### EXERCISE DETAILS
Within the listing below, give again exactly the lines between the one containing "Bannos Swagger Women" and the one containing "Rocket League Coloring", inclusive, pictures left aside.

### INPUT DATA
* * *

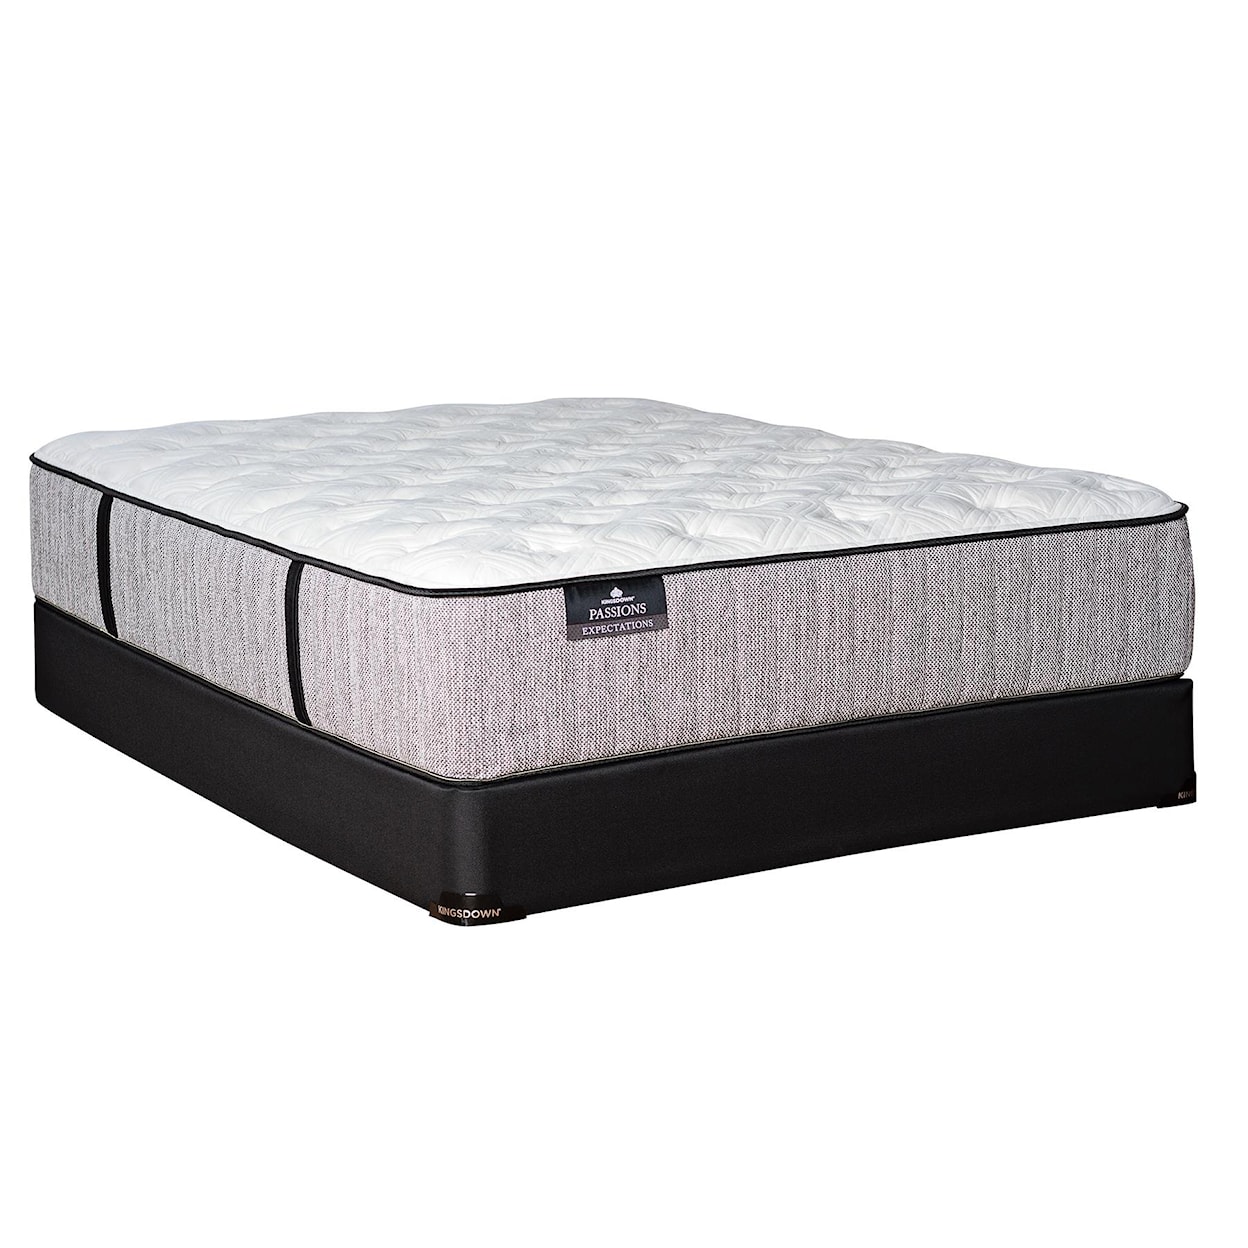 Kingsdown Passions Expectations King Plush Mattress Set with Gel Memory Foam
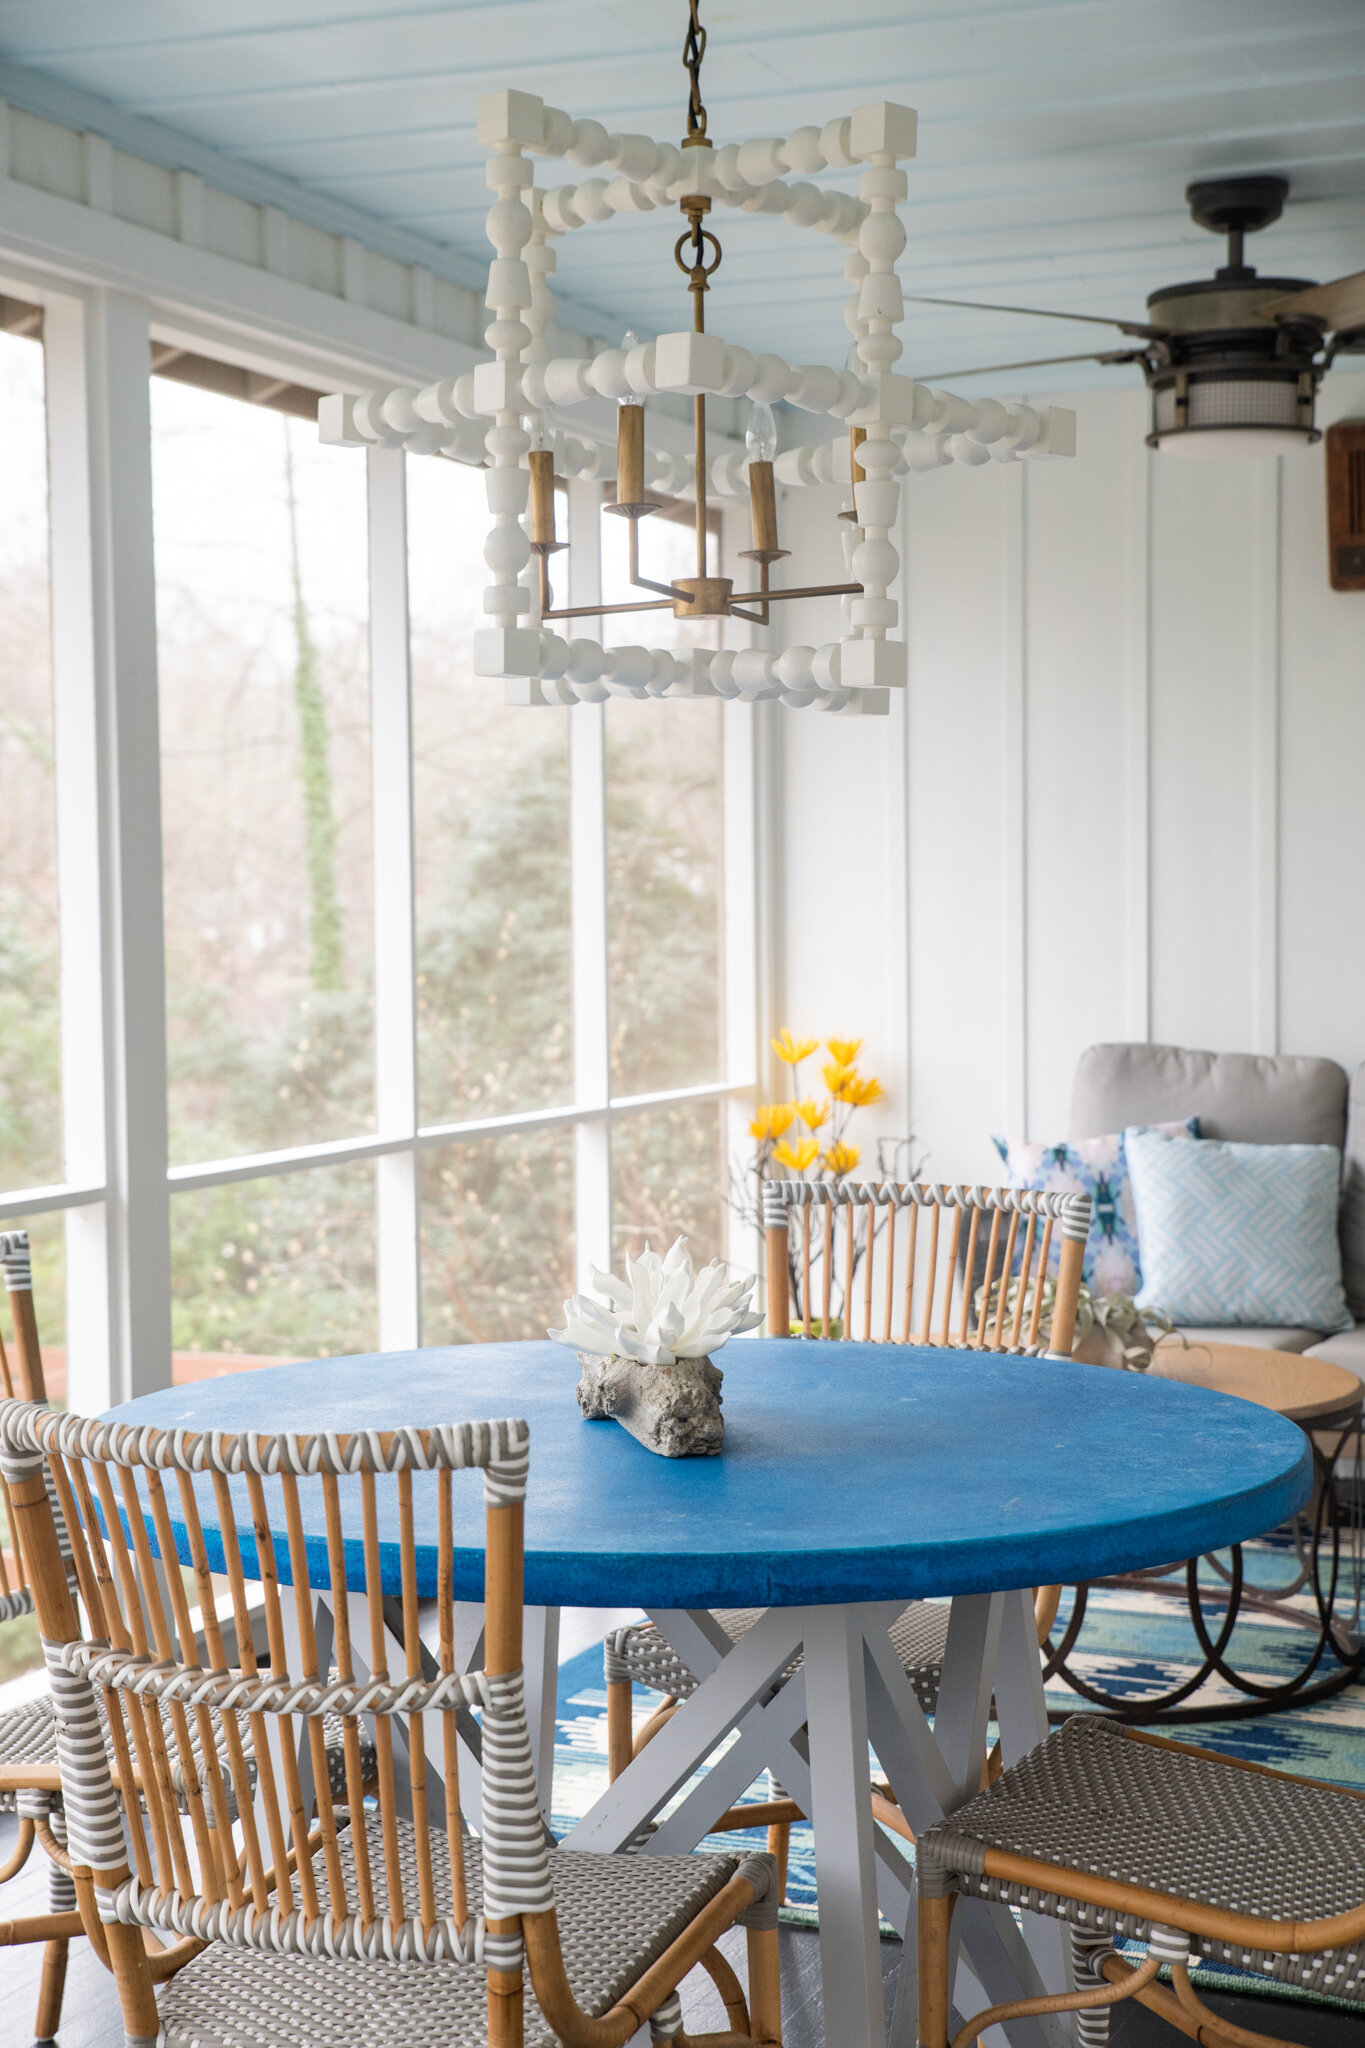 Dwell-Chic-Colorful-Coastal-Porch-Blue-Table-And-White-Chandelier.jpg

* * *

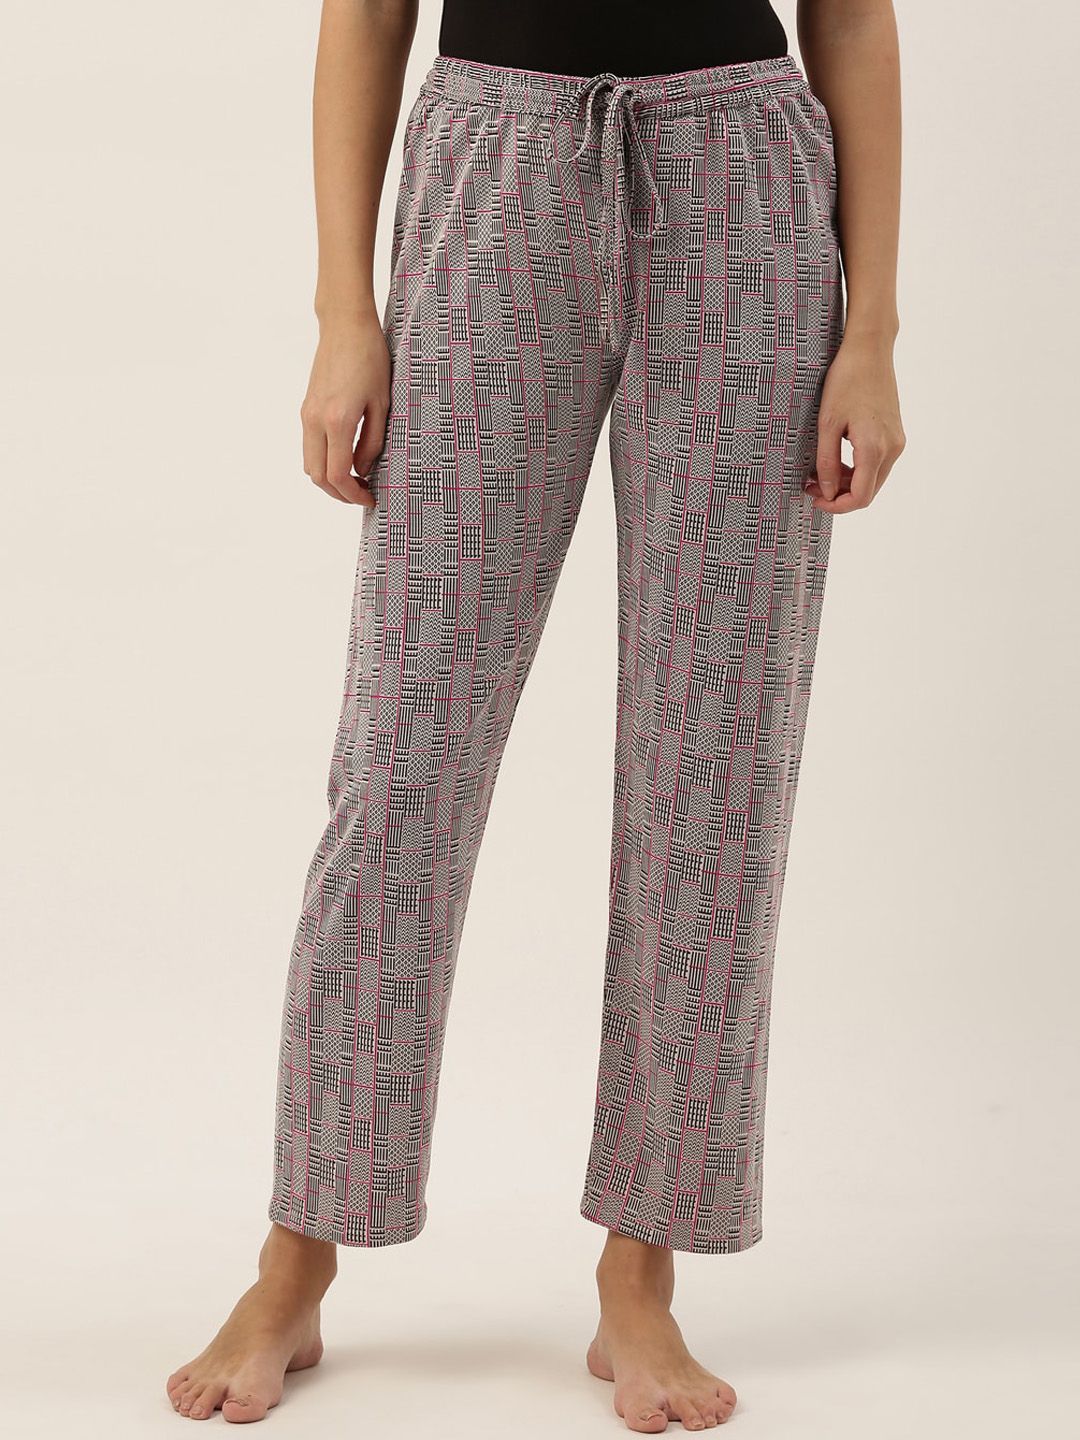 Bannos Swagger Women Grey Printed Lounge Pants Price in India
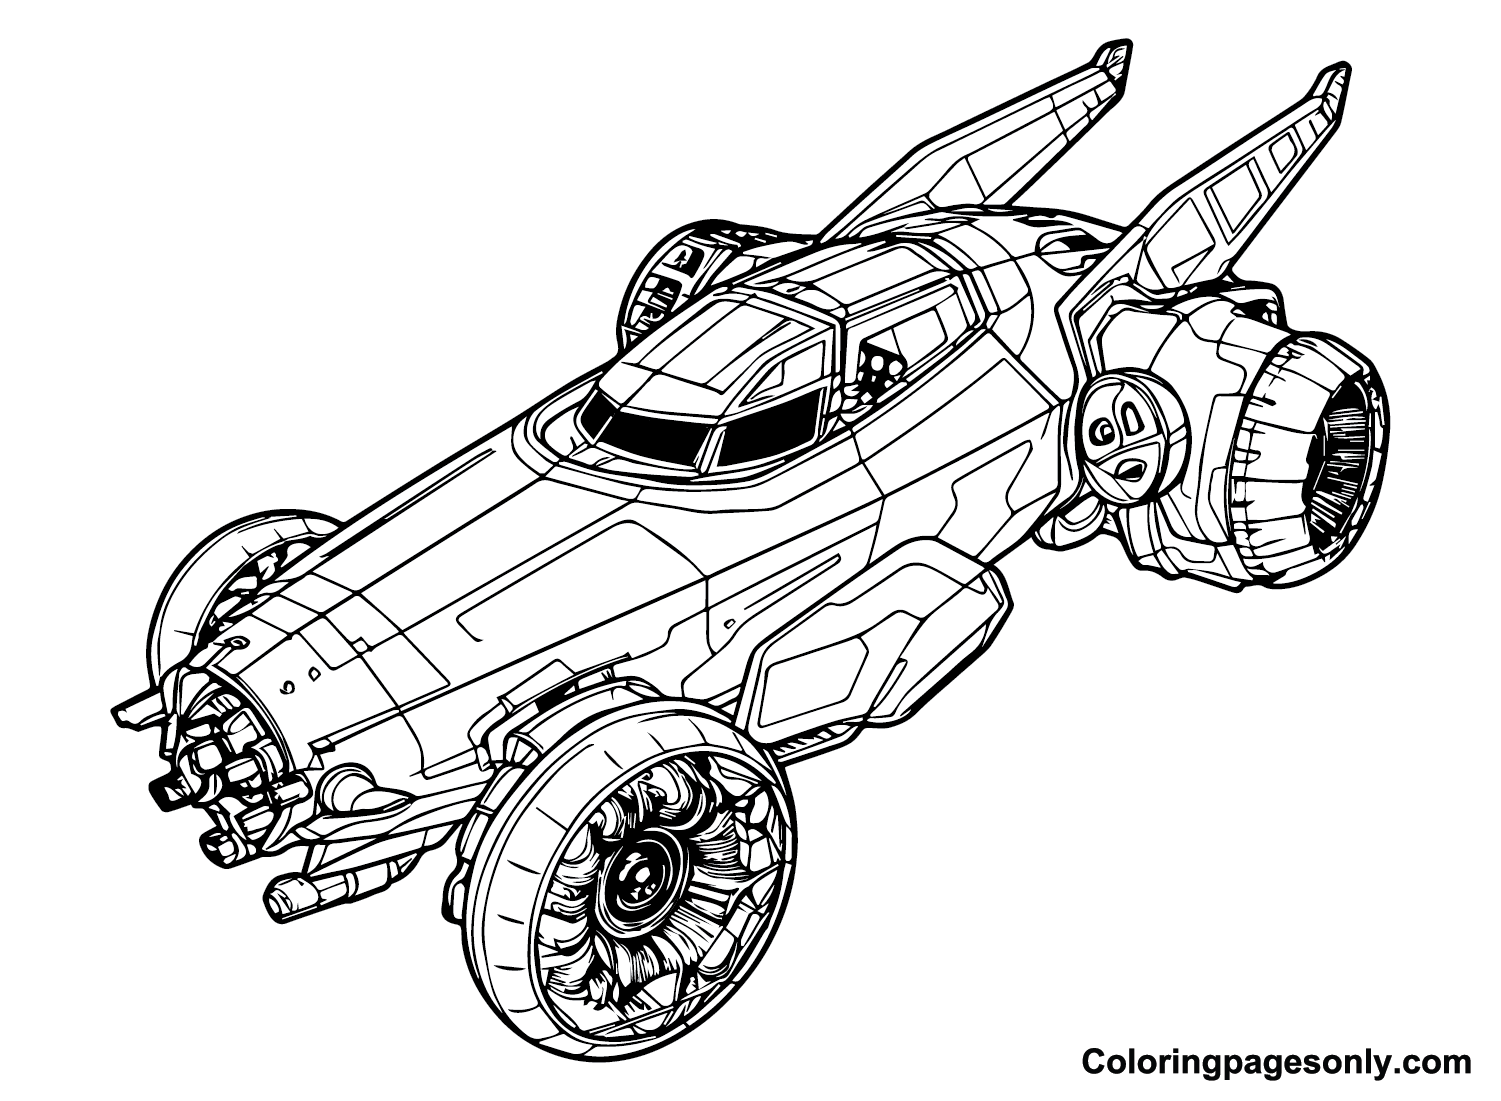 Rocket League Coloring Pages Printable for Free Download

* * *

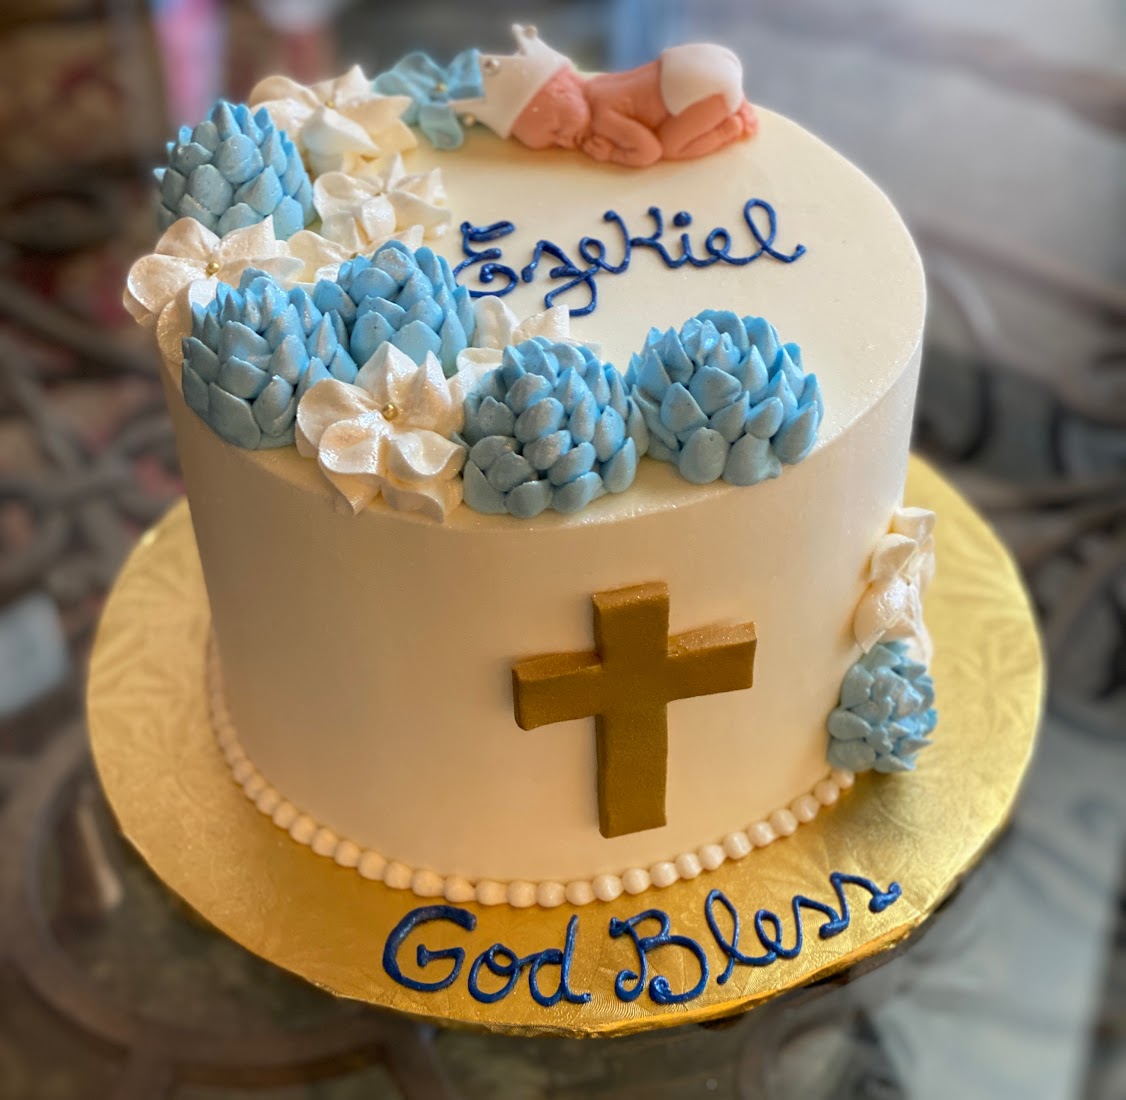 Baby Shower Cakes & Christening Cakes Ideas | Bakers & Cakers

* * *

### PROBLEM SOLUTION
 Bannos Swagger Women Grey Printed Lounge Pants Price in India
 Rocket League Coloring Pages Printable for Free Download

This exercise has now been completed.